This post is more about how to use a tool than it is a description of a new tool. Knowledge is arguably our most important tool so I think posts like this belong in the tools section of the forum.
In his book, Home Machinist's Bedside Reader #1 (pg. 11), Guy Lautard describes a technique for measuring a large bore when you don't have a set of calipers large enough to span the diameter.
Basically, you cut a "stick" to a length slightly less than the diameter of the bore and provide it with rounded or pointed ends. Inserted in the bore, this stick will "rattle" back and forth a (hopefully) small amount. You measure the peak-to-peak rattle and then use a formula to calculate the actual diameter. Lautard gives a formula but it looks like an approximation to me, although I haven't examined it closely.

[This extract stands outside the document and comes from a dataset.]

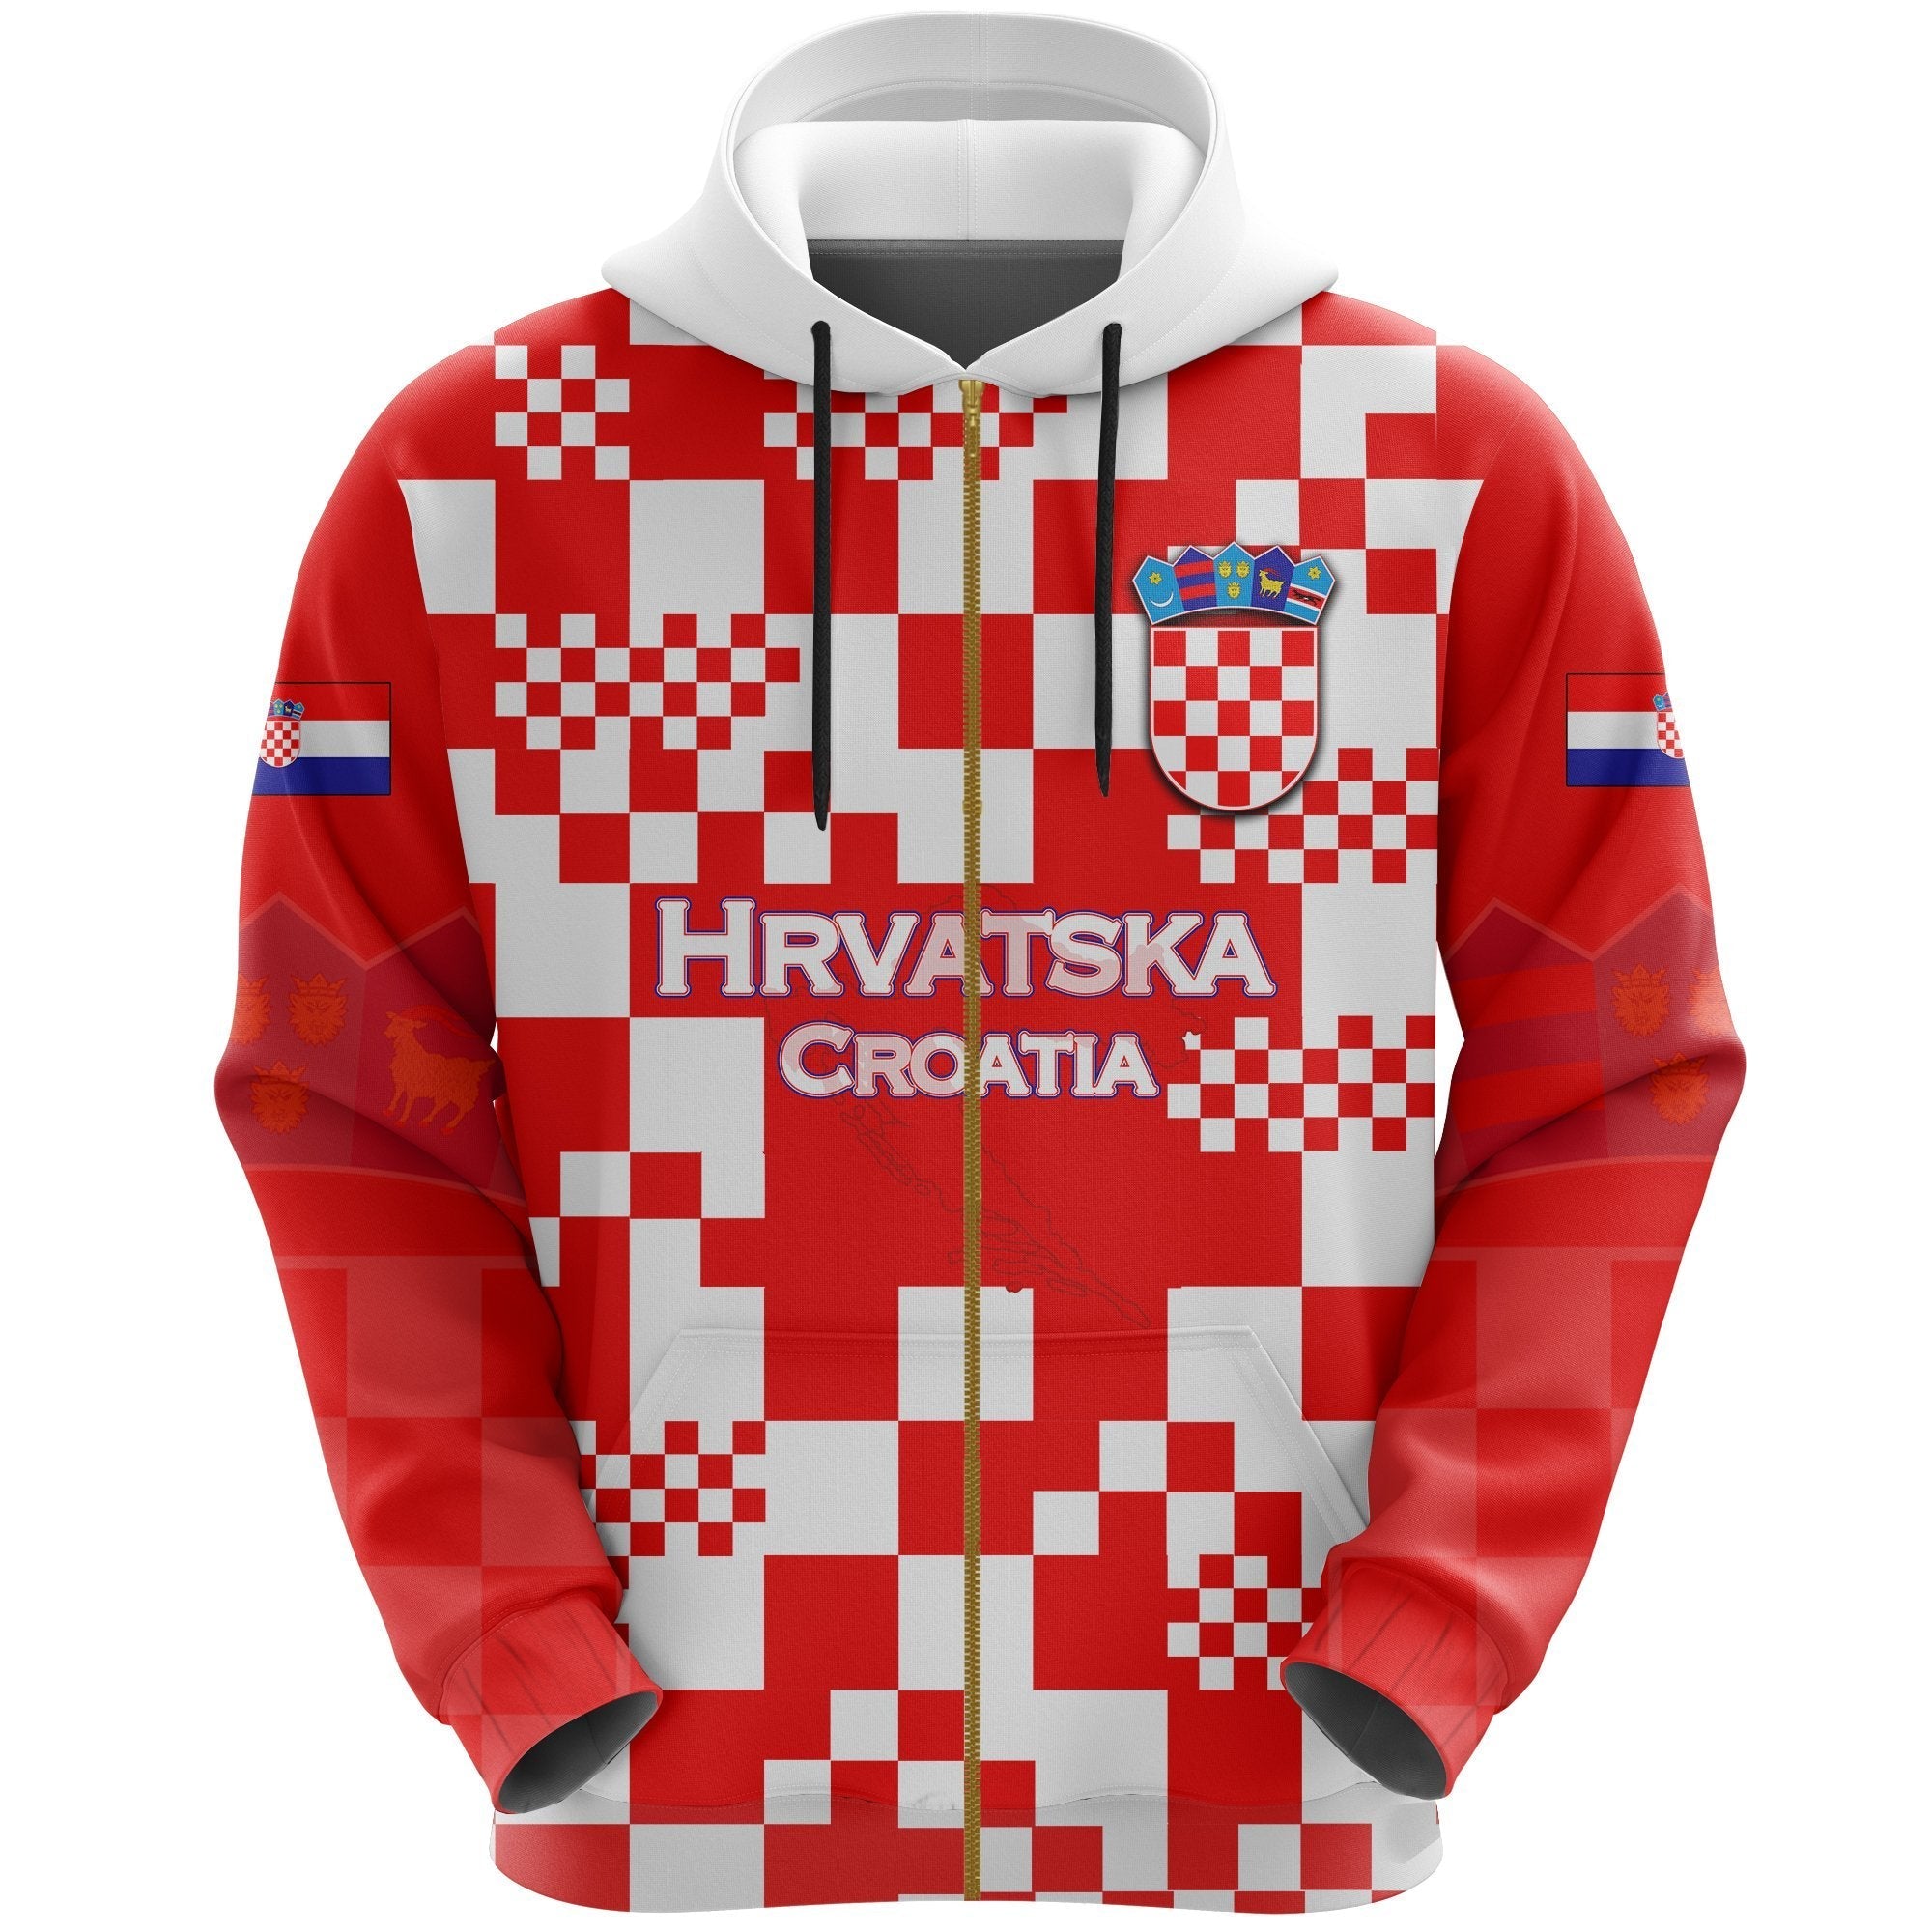 hrvatska-croatia-hoodie-2020-euro-croatia-zip

If the rattle distance is small compared to the diameter of the bore, the stick length itself is a very good approximation of the bore diameter.

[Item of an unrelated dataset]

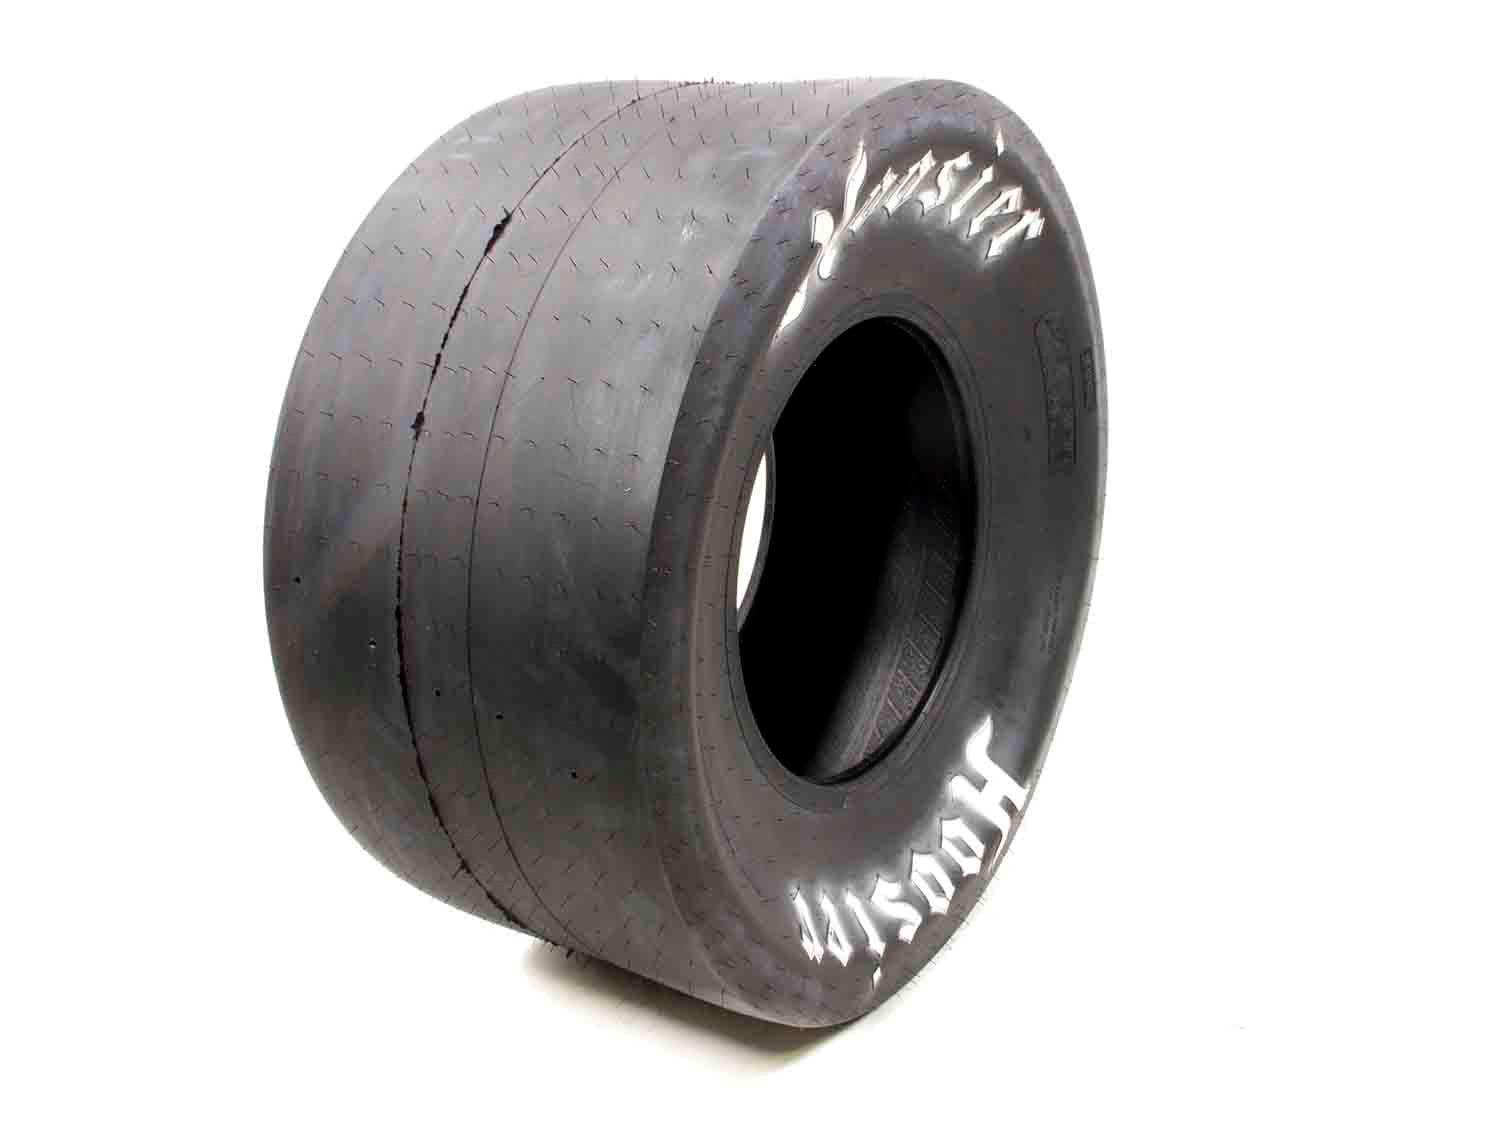 26.0/8.5-15 Drag Tire - Burlile Performance Products

I wrote RATTLE.EXE to compute the diameter given the stick and rattle lengths in order to evaluate this procedure. You can use it to calculate the diameter if you need to use this procedure. You can download the program from my webpage.

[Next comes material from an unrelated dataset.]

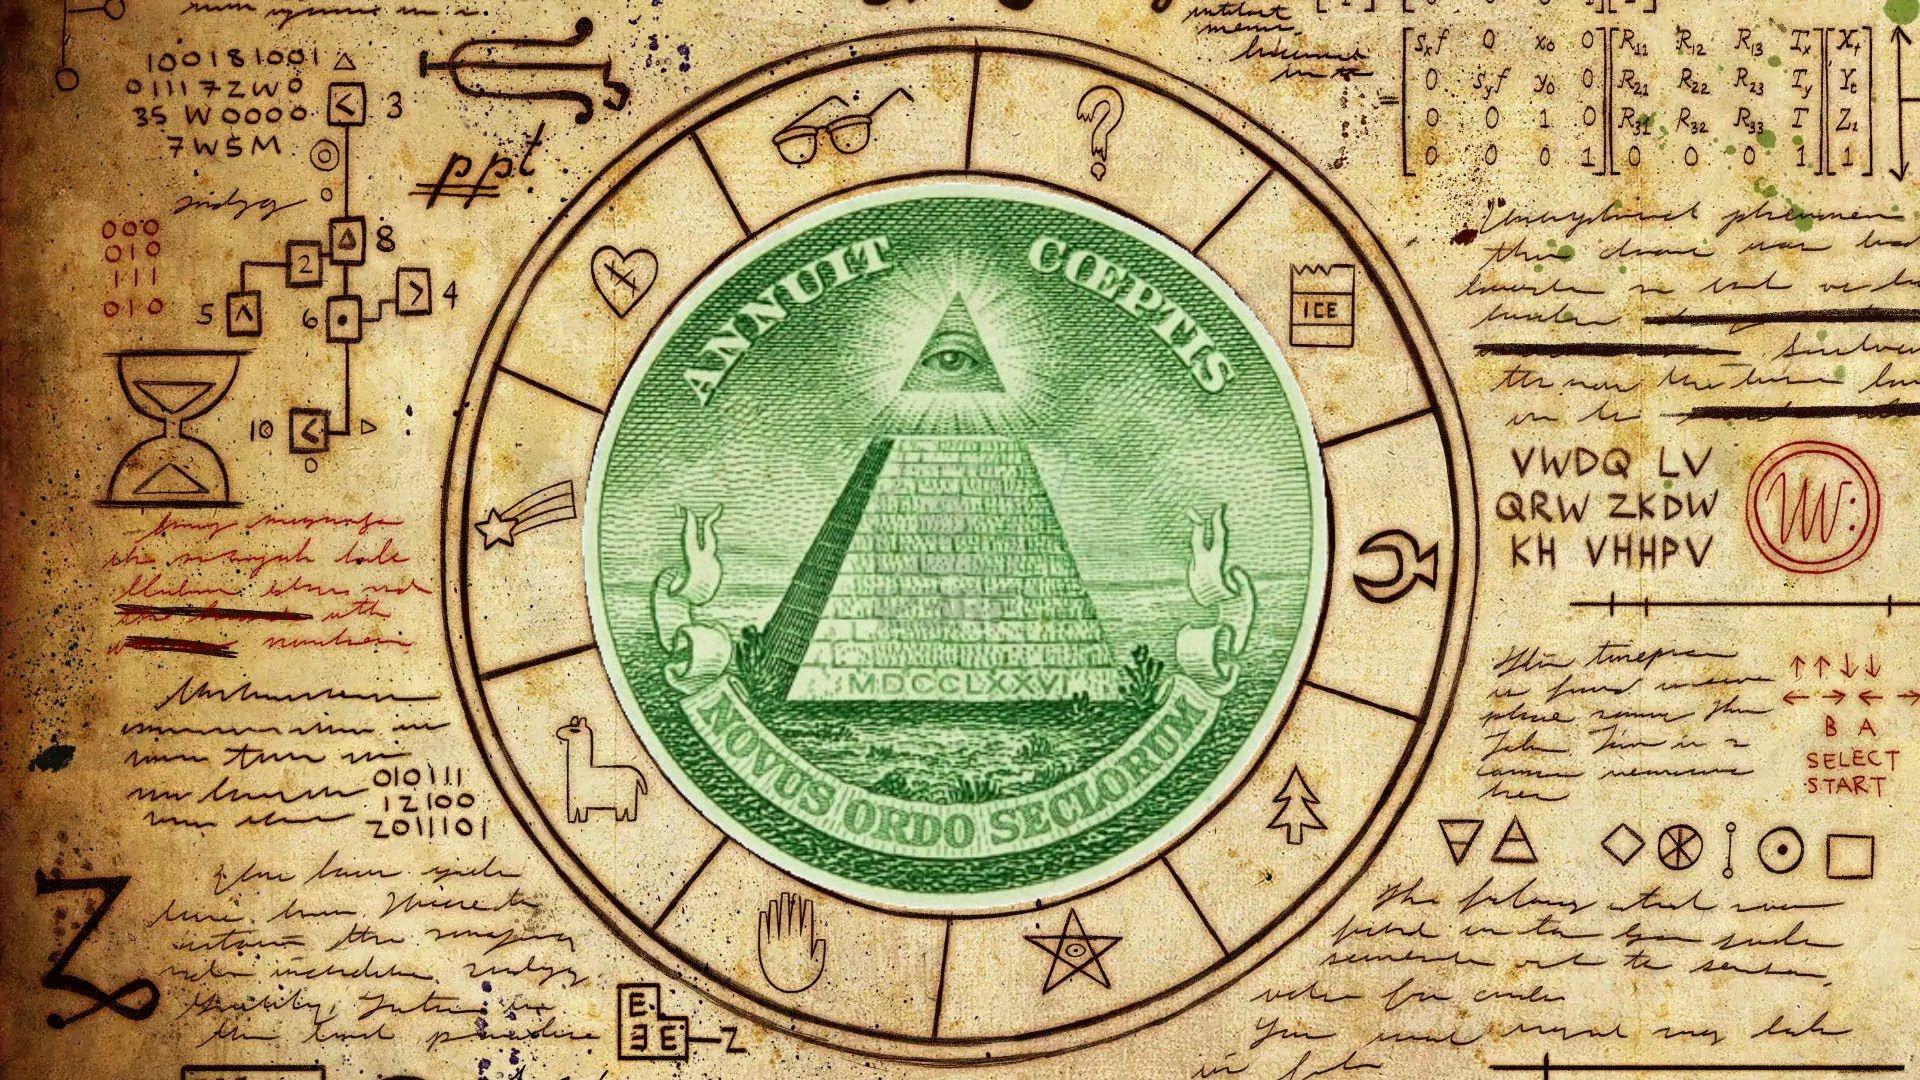 Illuminati Wallpaper

This is the way I was taught to use internal, spring type calipers. If you try to set the calipers to the actual diameter, you're very likely to spring them slightly. When withdrawn from the bore to be measured, they will unspring slightly thus affecting the reading. Better to set them so they "rattle" slightly in the hole and then measure them. RATTLE will prove to you that, if you make the rattle very small, the difference between the measured caliper distance and the actual diameter will be very small indeed.
For an example, I used the values Lautard used in his book...
S = 3.998
R = 13/32 = 0.40625
and the program yielded a calculated diameter of 4.003197. Lautard's approximation yields a value of 4.0033; thus, agreement to one ten thousandth.
For a rattle distance of 0.40625/4.003197 = 10% of the bore diameter, the stick yielded the bore diameter with an error of only 100*(3.998-4.0032)/4.0032 = 1.3%. Decreasing the rattle distance will decrease that error still further.